## Raw data
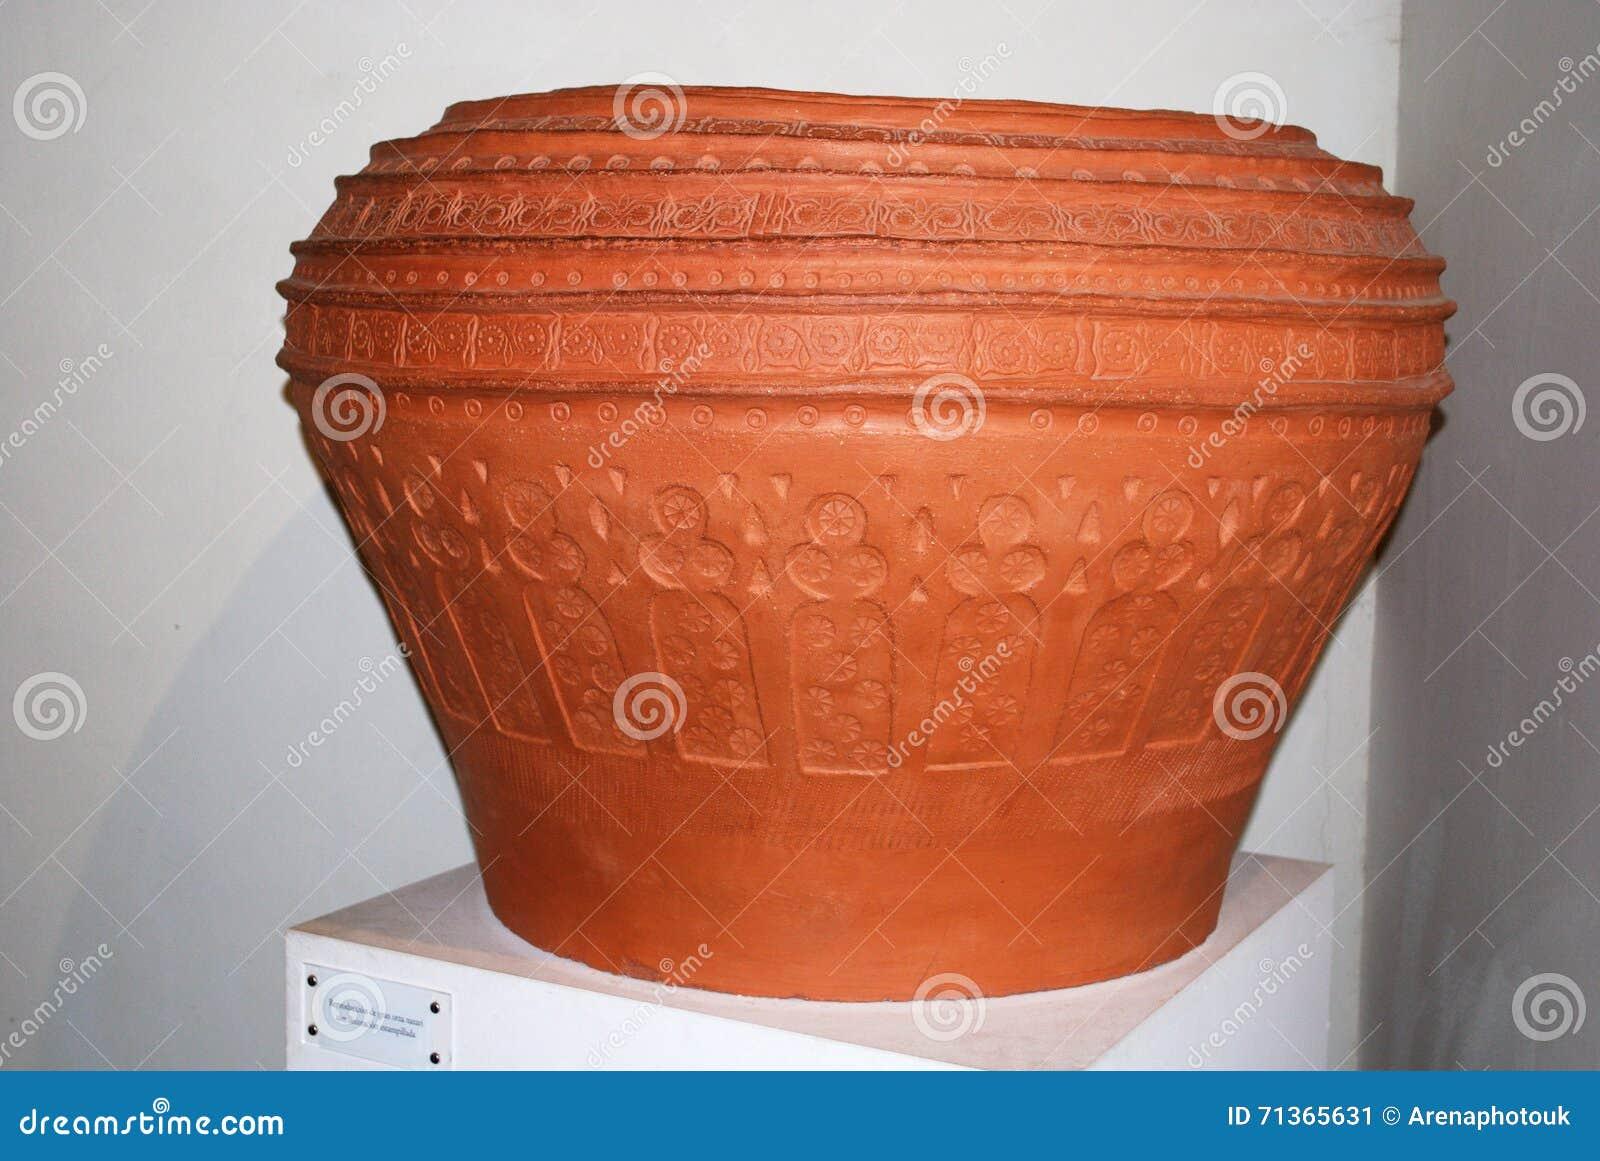 large terracotta pot, malaga castle museum. stock photo - image
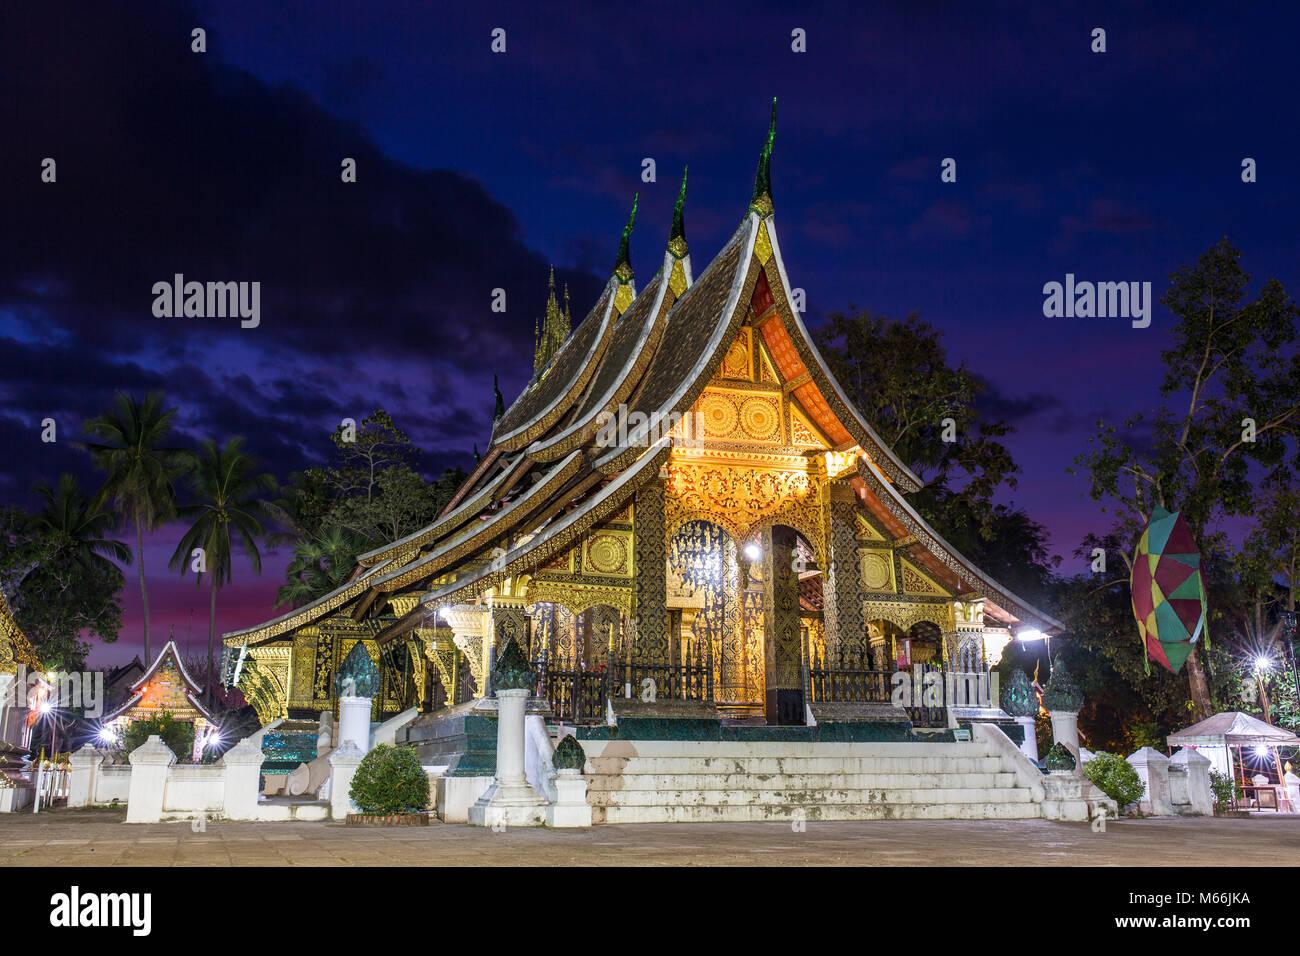 Wat Xieng Thong temple at night in Luang Prabang, Laos Stock Photo
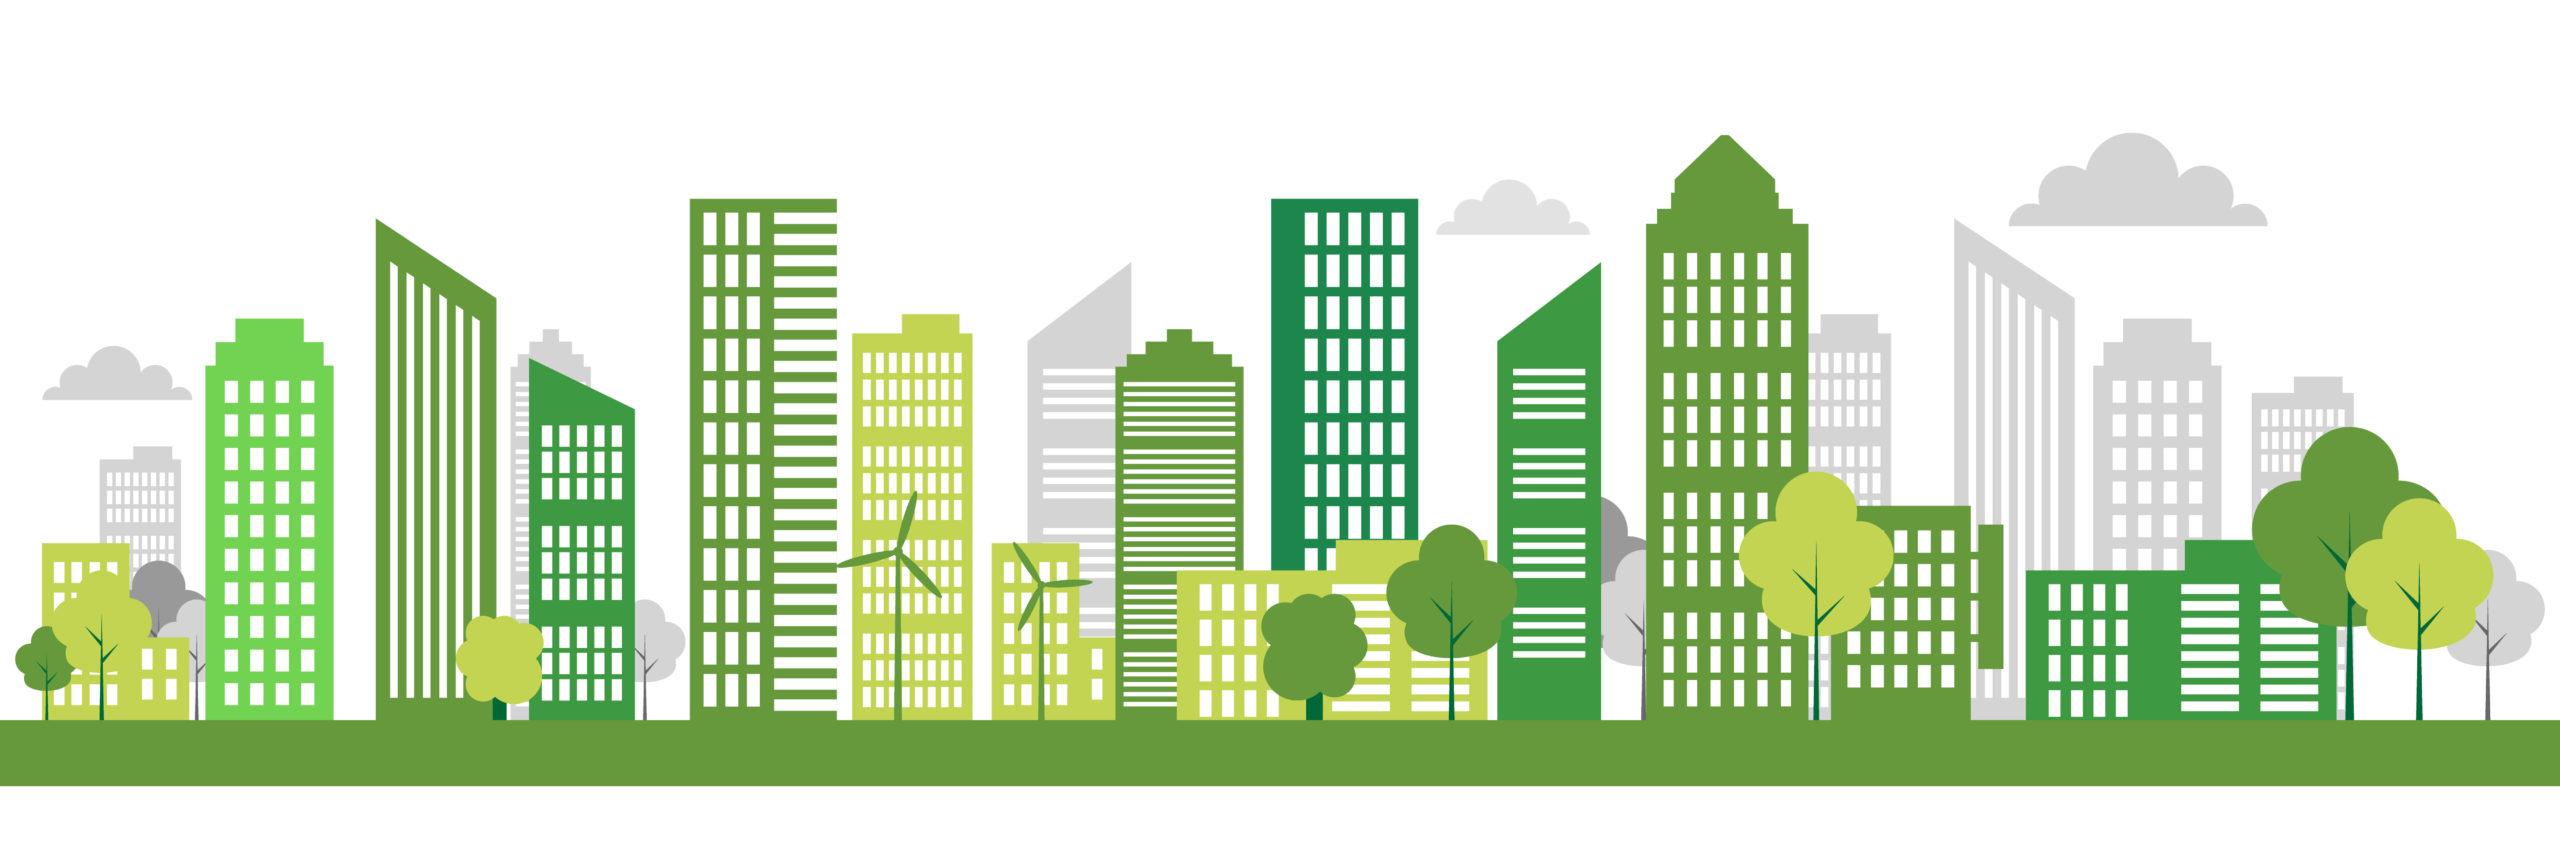 Stadtgroesse_nachhaltige_mobilitaet
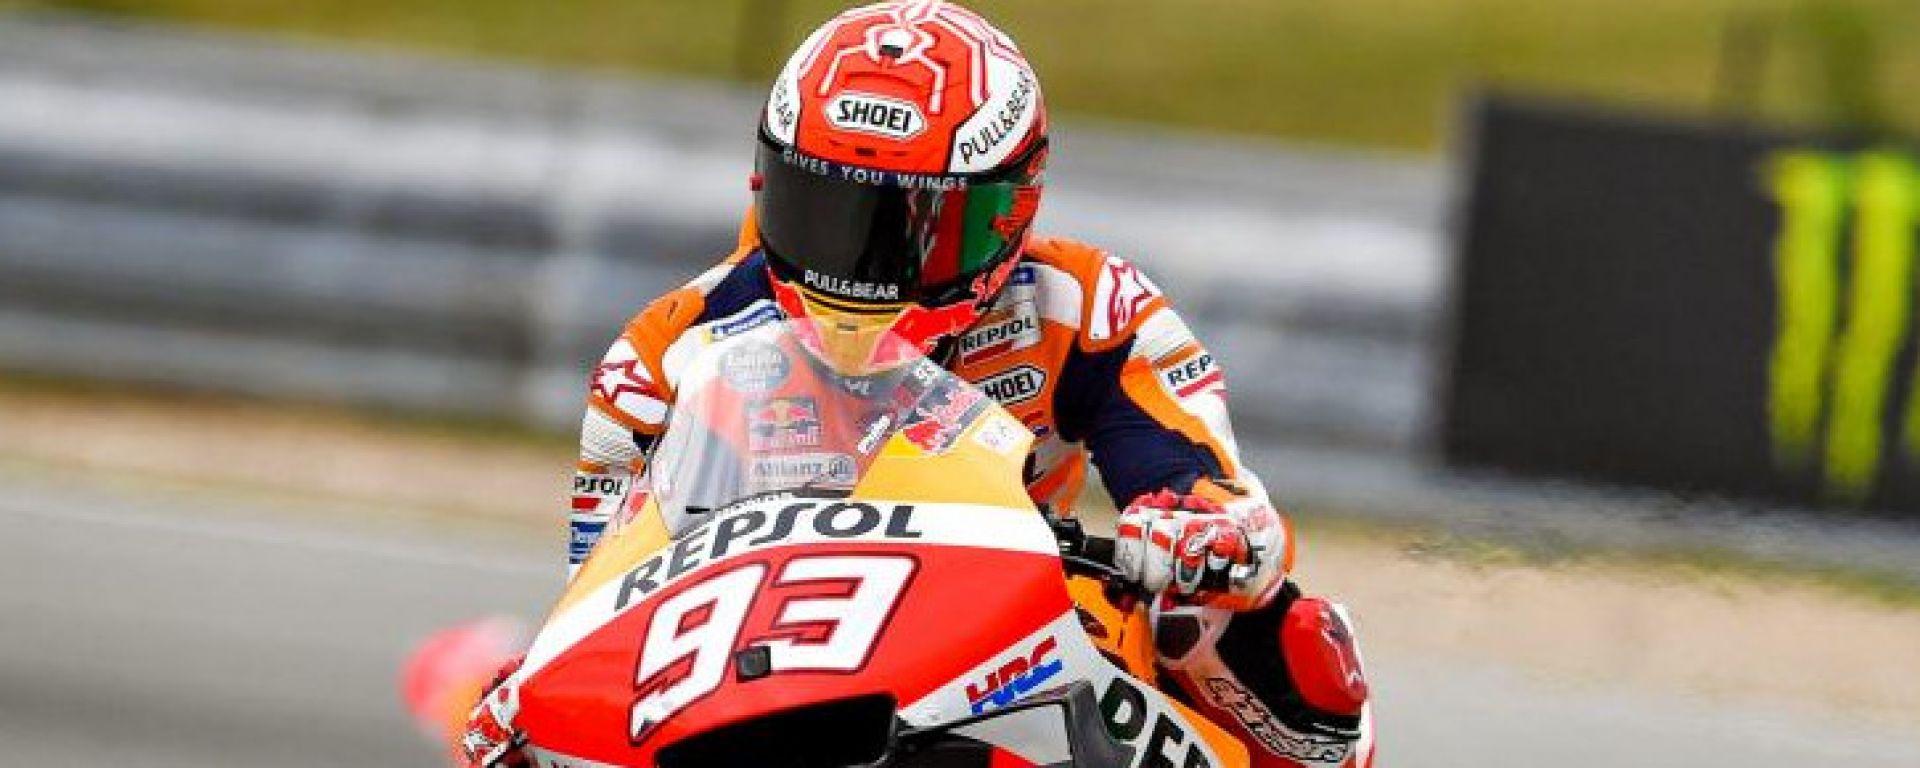 MotoGP Rep.Ceca, gara: stravince Marquez, Dovizioso 2°

## Work instructions
Repeat the listing above word for word. Do not include the pictures.

## Written reply
 large terracotta pot, malaga castle museum. stock photo - image
 Wat Xieng Thong temple at night in Luang Prabang, Laos Stock Photo
 Stadtgroesse_nachhaltige_mobilitaet
 MotoGP Rep.Ceca, gara: stravince Marquez, Dovizioso 2°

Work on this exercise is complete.